● **SUPPLIED RECORDS**
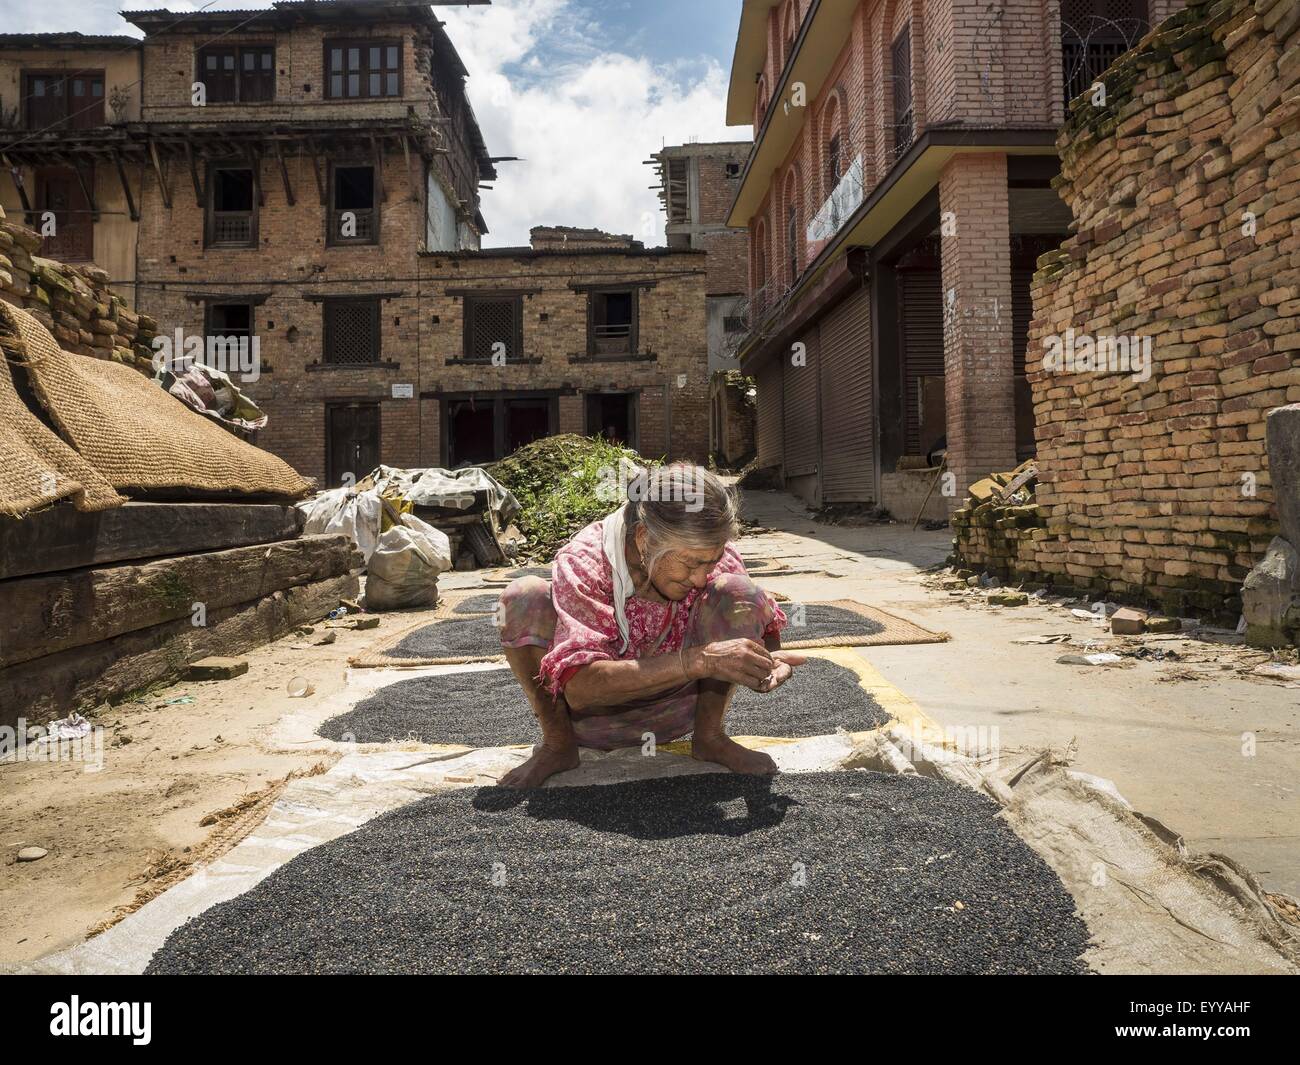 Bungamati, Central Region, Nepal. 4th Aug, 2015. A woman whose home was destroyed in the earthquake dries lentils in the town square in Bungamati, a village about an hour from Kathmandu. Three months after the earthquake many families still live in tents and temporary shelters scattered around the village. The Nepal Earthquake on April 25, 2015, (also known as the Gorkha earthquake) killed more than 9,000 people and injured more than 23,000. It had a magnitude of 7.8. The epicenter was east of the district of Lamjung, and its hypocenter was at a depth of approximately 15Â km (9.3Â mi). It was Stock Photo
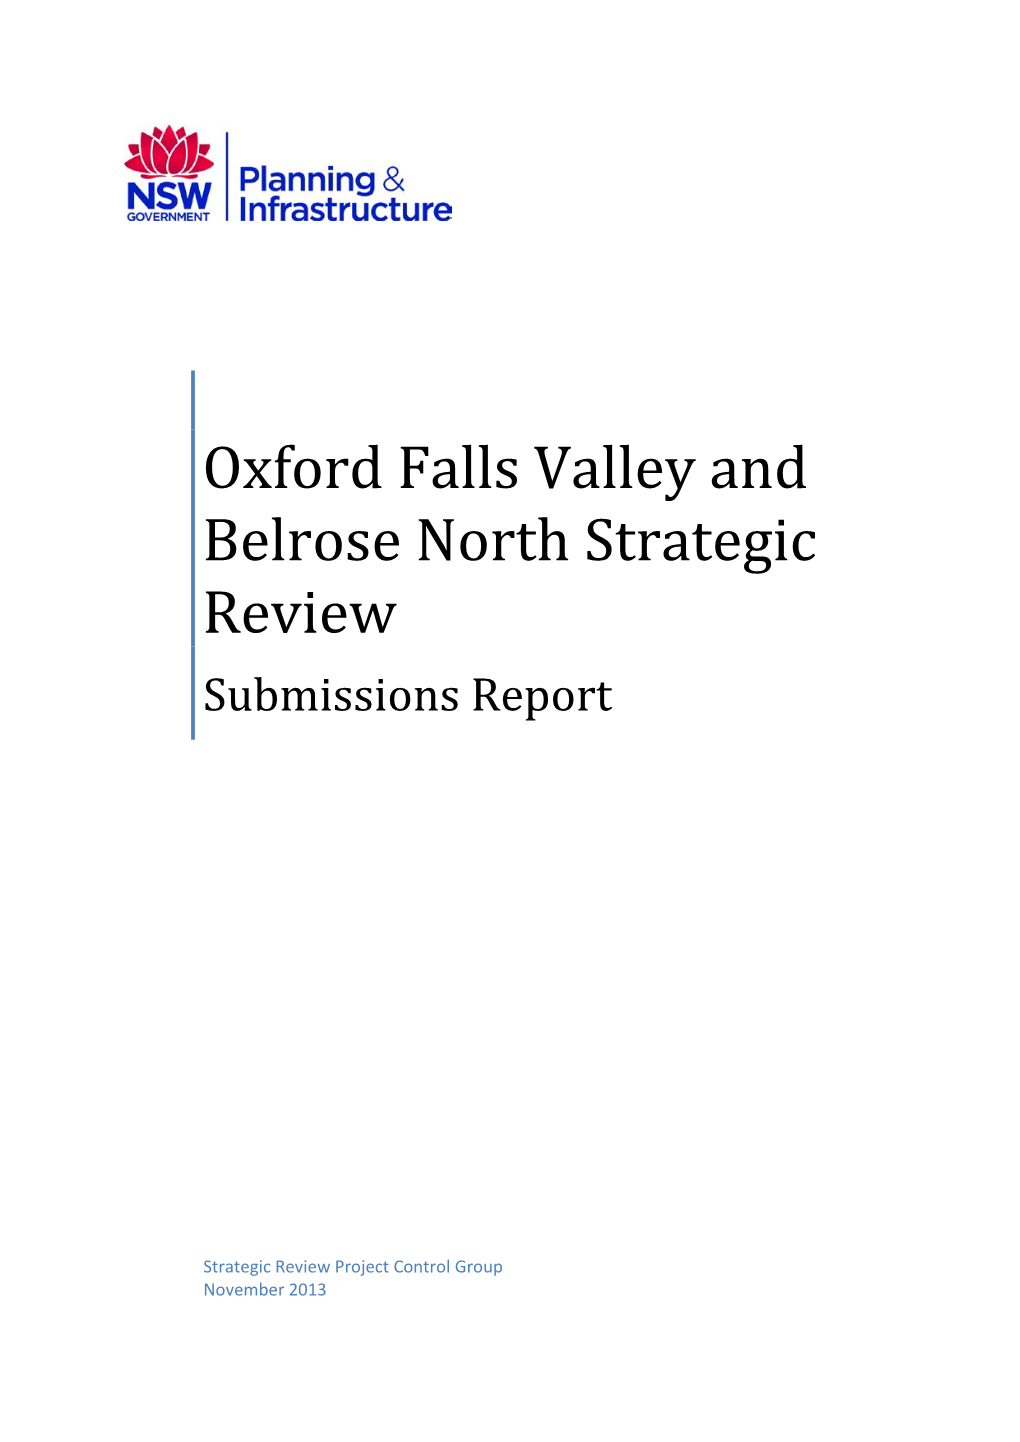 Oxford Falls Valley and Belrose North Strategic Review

---

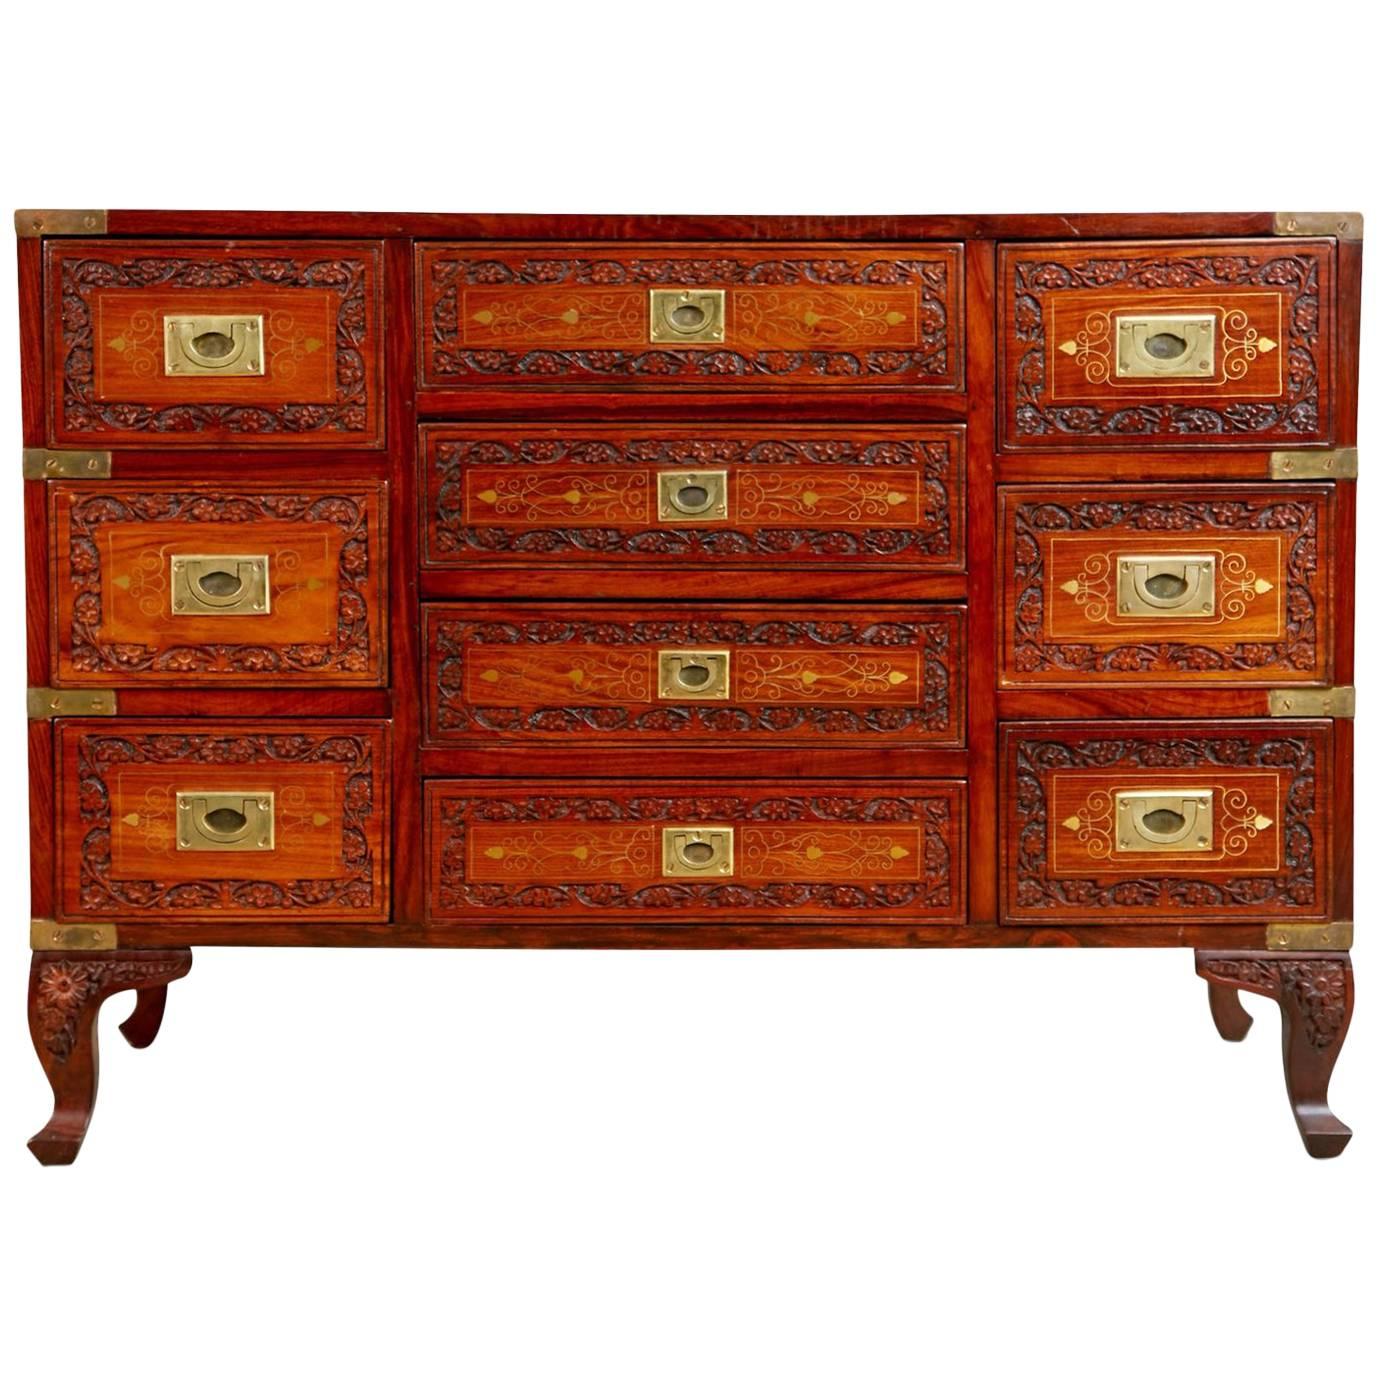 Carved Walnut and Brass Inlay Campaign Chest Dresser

==

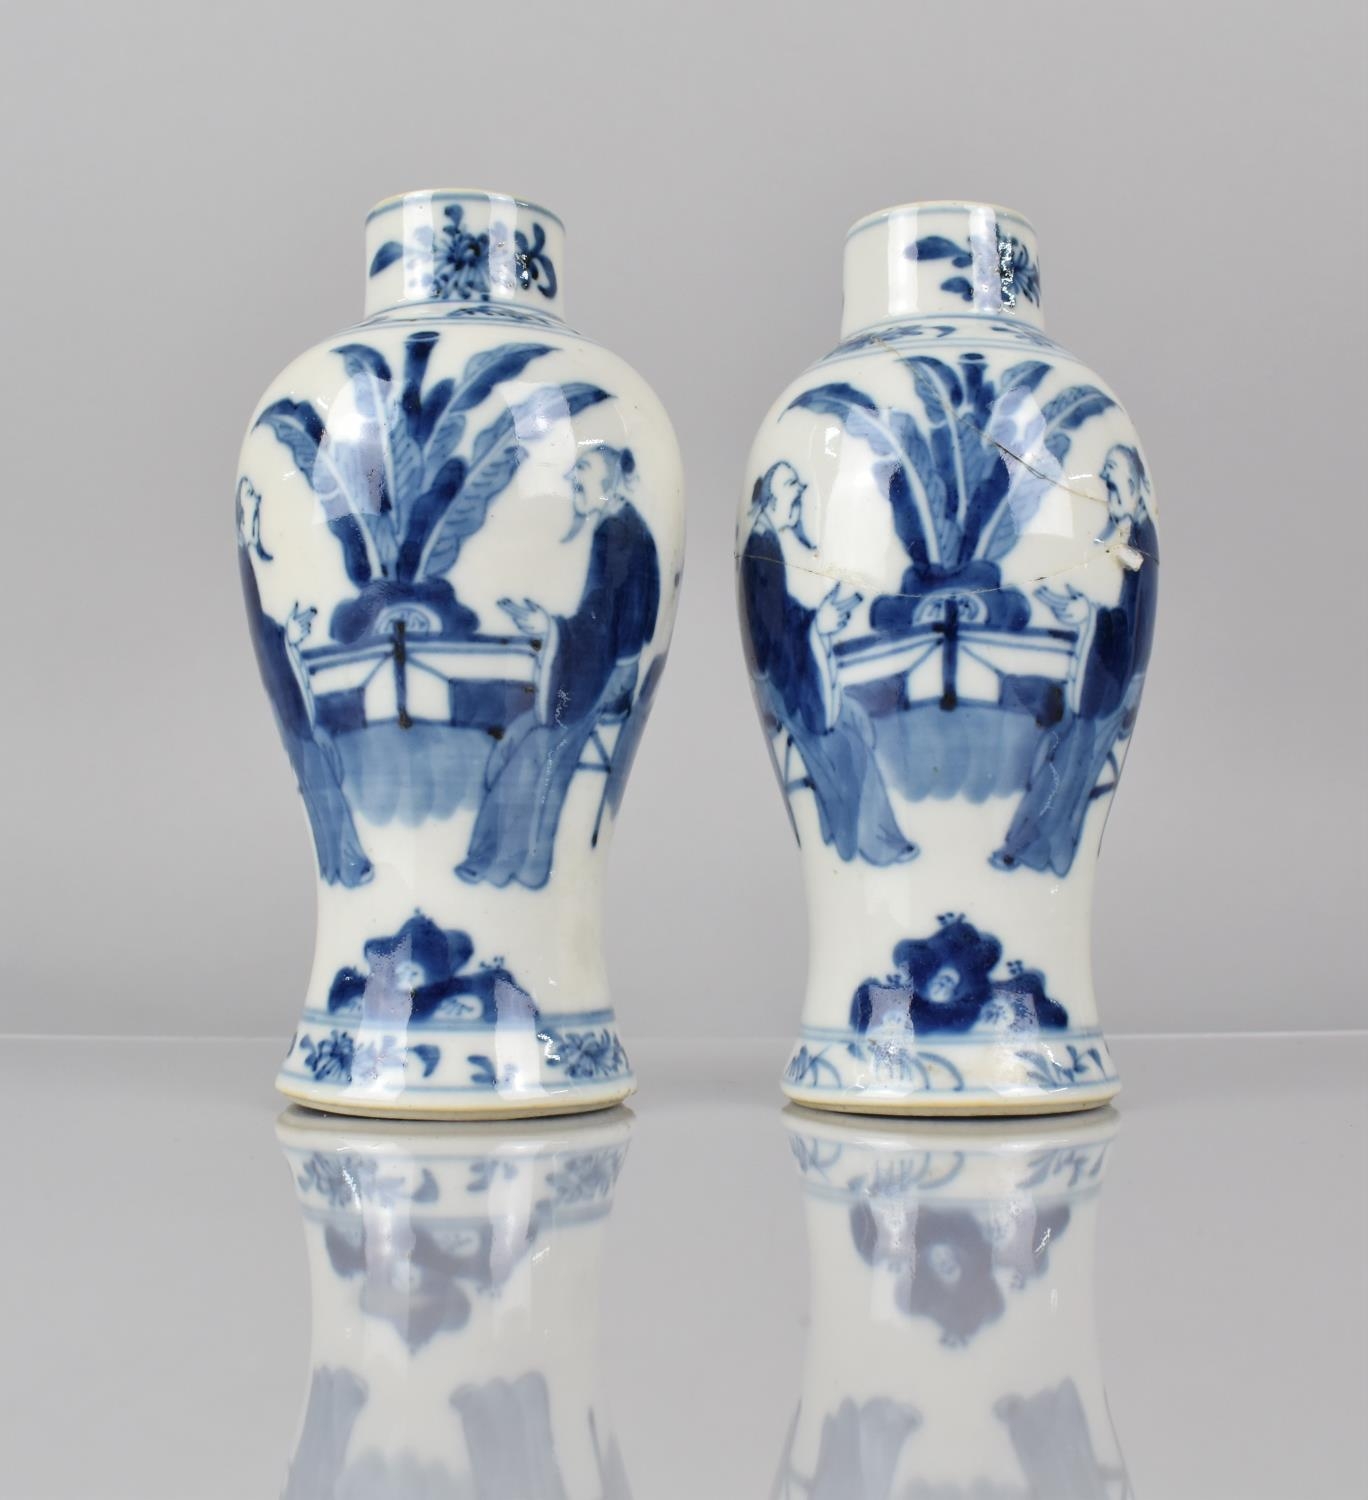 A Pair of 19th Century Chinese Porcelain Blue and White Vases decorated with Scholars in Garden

● **WHAT YOU WILL DO**
Return the lines above from the one with "Bungamati, Central Region, Nepal." through the one with "Oxford Falls Valley", verbatim and nothing else. Omit every picture.

● **EXERCISE SOLUTION**
 Bungamati, Central Region, Nepal. 4th Aug, 2015. A woman whose home was destroyed in the earthquake dries lentils in the town square in Bungamati, a village about an hour from Kathmandu. Three months after the earthquake many families still live in tents and temporary shelters scattered around the village. The Nepal Earthquake on April 25, 2015, (also known as the Gorkha earthquake) killed more than 9,000 people and injured more than 23,000. It had a magnitude of 7.8. The epicenter was east of the district of Lamjung, and its hypocenter was at a depth of approximately 15Â km (9.3Â mi). It was Stock Photo
 Oxford Falls Valley and Belrose North Strategic Review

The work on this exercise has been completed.